The sub-title: HOW YOU CAN FULFILL YOUR POTENTIAL places the books in the self-improvement tradition so strong in America. This is not immediately attractive to a sceptical European, but the message of the book turns out to have important implications for the contemporary approach to learning as practised in Lindsey’s school.

The message is a simple one: Dweck argues that there are two types of learner:

The first has a fixed mindset, believing that success in learning is determined by one’s innate intelligence which cannot be changed. The danger for even successful learners with this belief is that they rely on intelligence rather than effort to make progress. What is more, they see failure as a setback showing that their intelligence is not up to the task and give up.

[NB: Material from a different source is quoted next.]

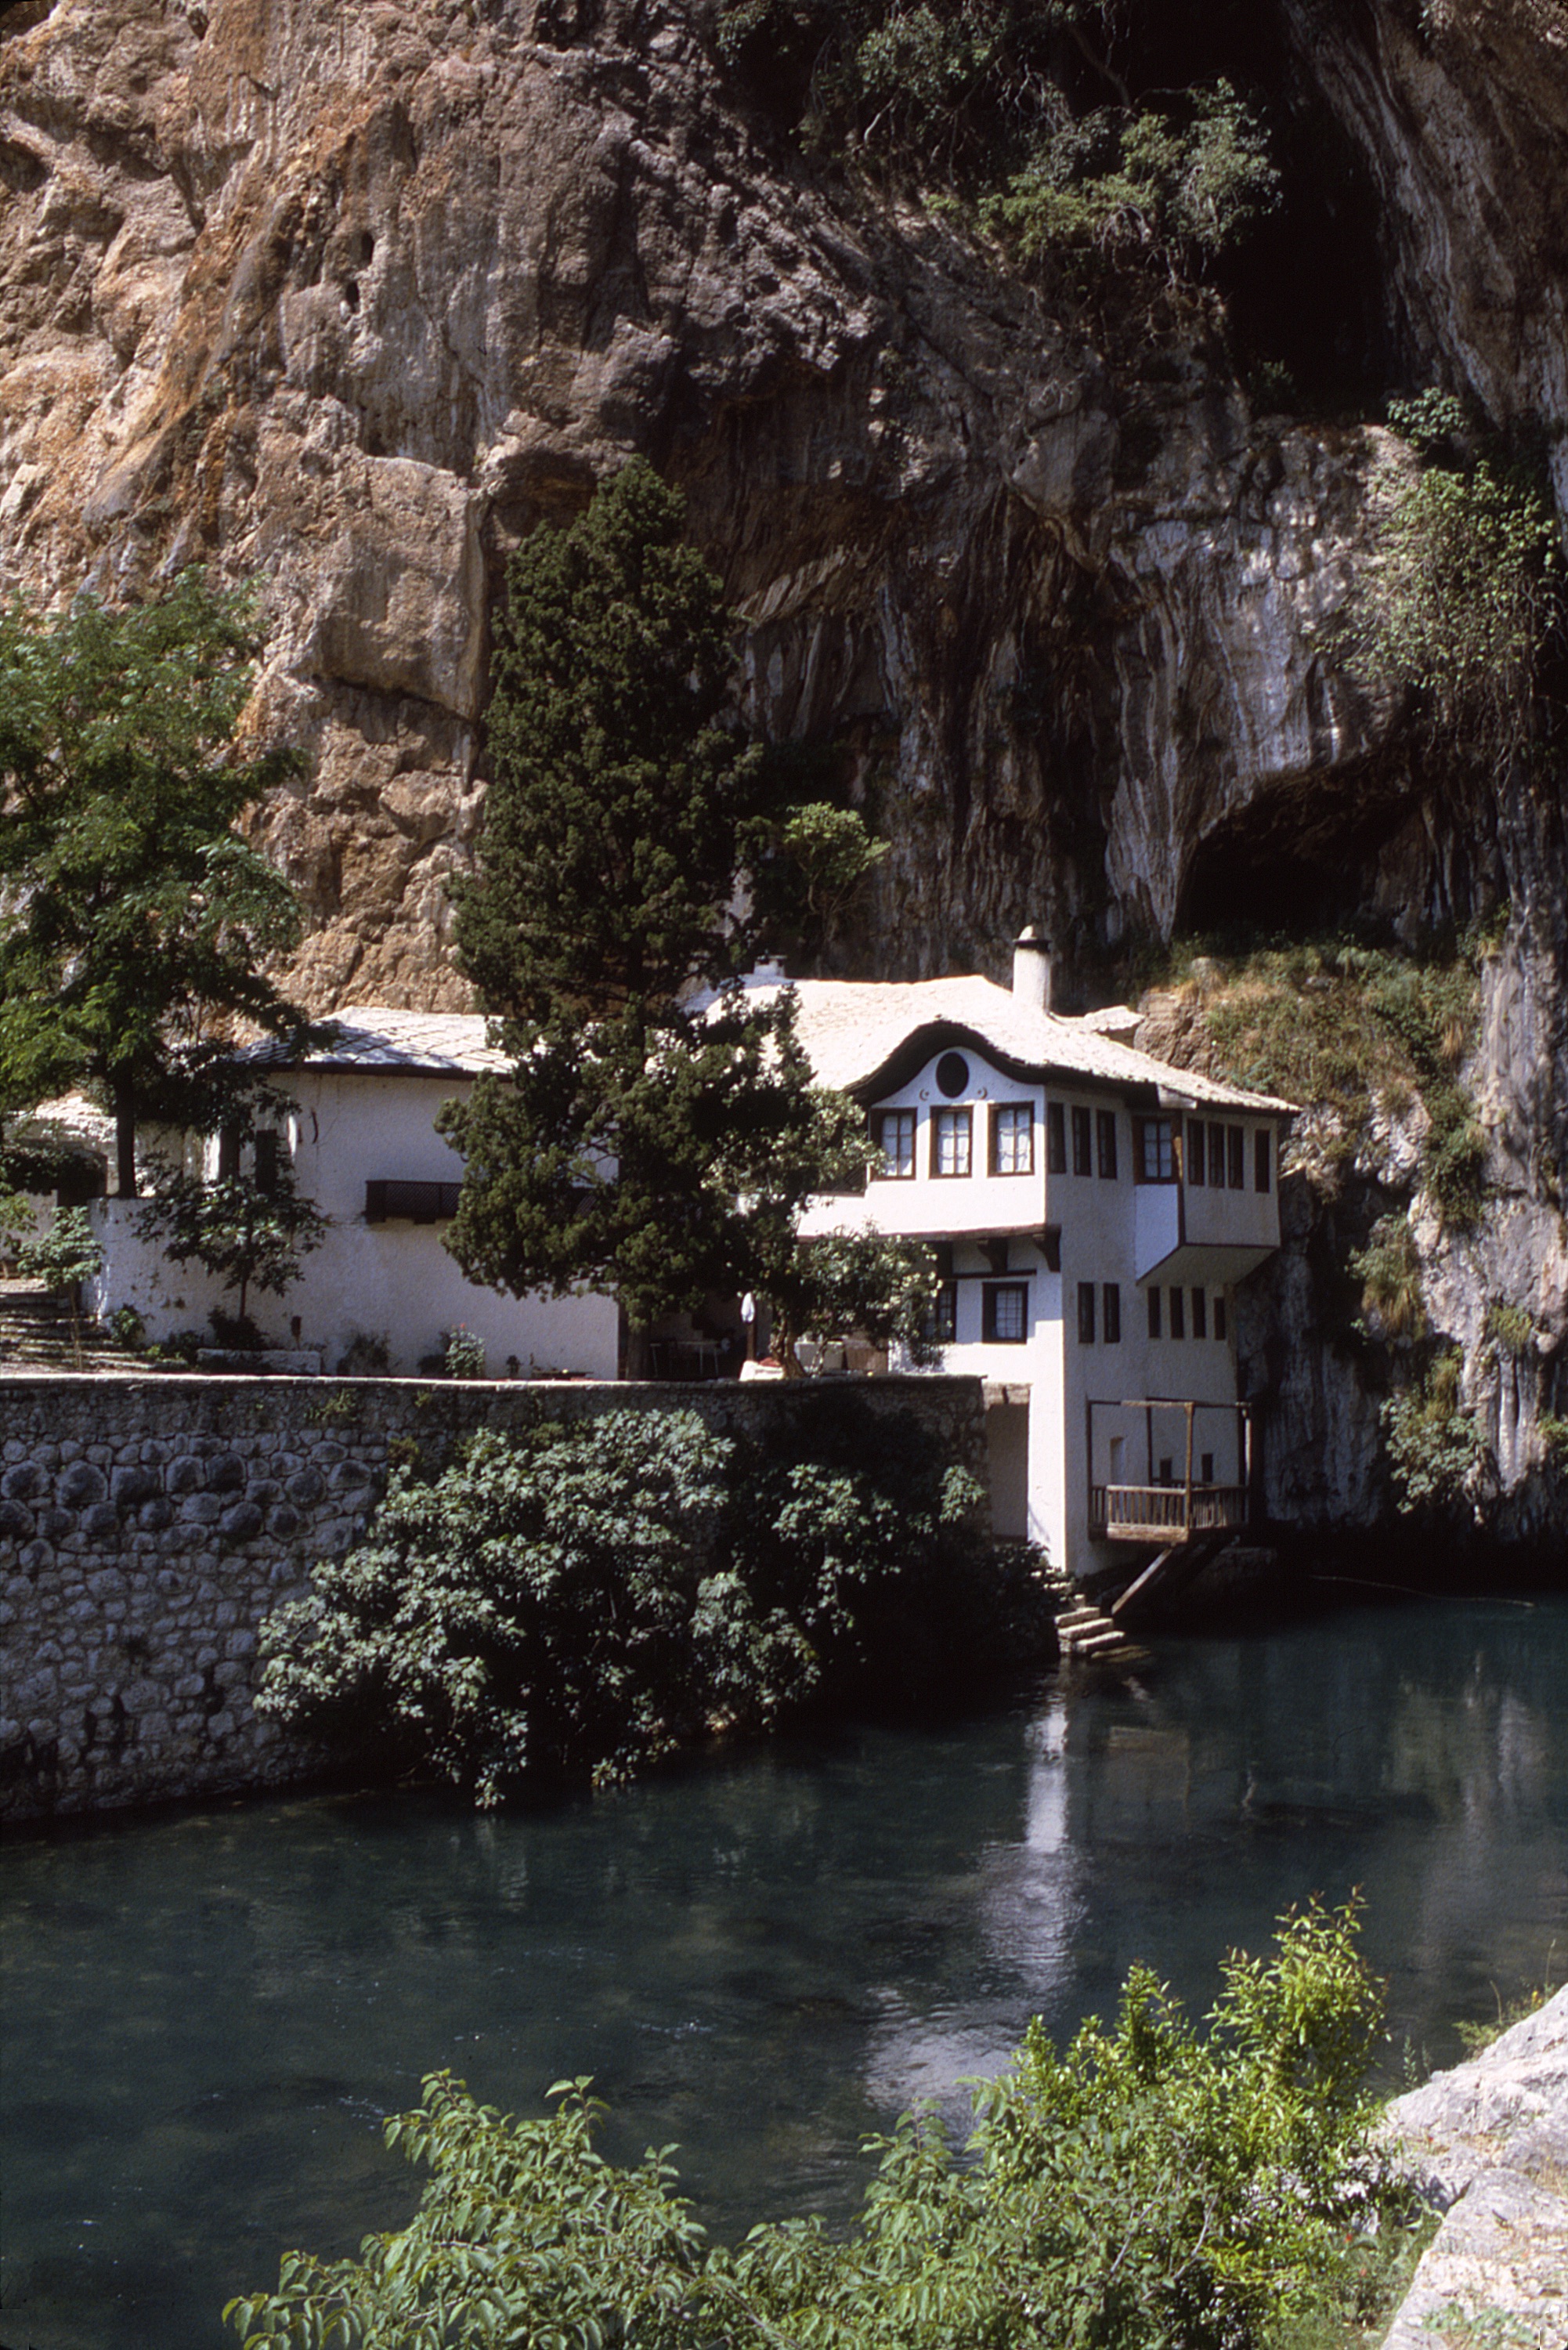 <p>The village of Blagaj na Buni is located southeast of Mostar in the Neretva Canton of Herzegovina. The Buna River emerges from under the massive karst stone formation after traveling over 19 kilometers underground. Archaeological finds indicate that the area has been inhabited for over 5,000 years. The present tekija (dervish monastic complex) dates back over 300 years. The karst formation extends high above the tekija to sites where ruins of fortresses occupied by Illyrians, Romans, and medieval rulers are located.</p><p>(photo 1988)</p>

The second type of learner has a growth mindset, believing that their intelligence (and other qualities and talents) is capable of development through effort. Such learners see failure in a given task as a challenge to be worked at and overcome.

Dweck’s analysis clearly underpins the booklet which the school gives to teachers new to the school: “We do not want you to fear retribution for failure. We want you to learn from failure – or experience as you may wish to call it! In return we expect you to take the risks necessary to blossom and help us on our way to that holy grail.” (That is, the school – pupils, teachers, parents and local people – as a learning community.)

The book is further evidence that the bad science (not to say cheating) which justifies the institutional adoption of “intelligence” throughout our educational system is academically discredited. However, it takes more than to change a system which so conveniently maintains the social status quo.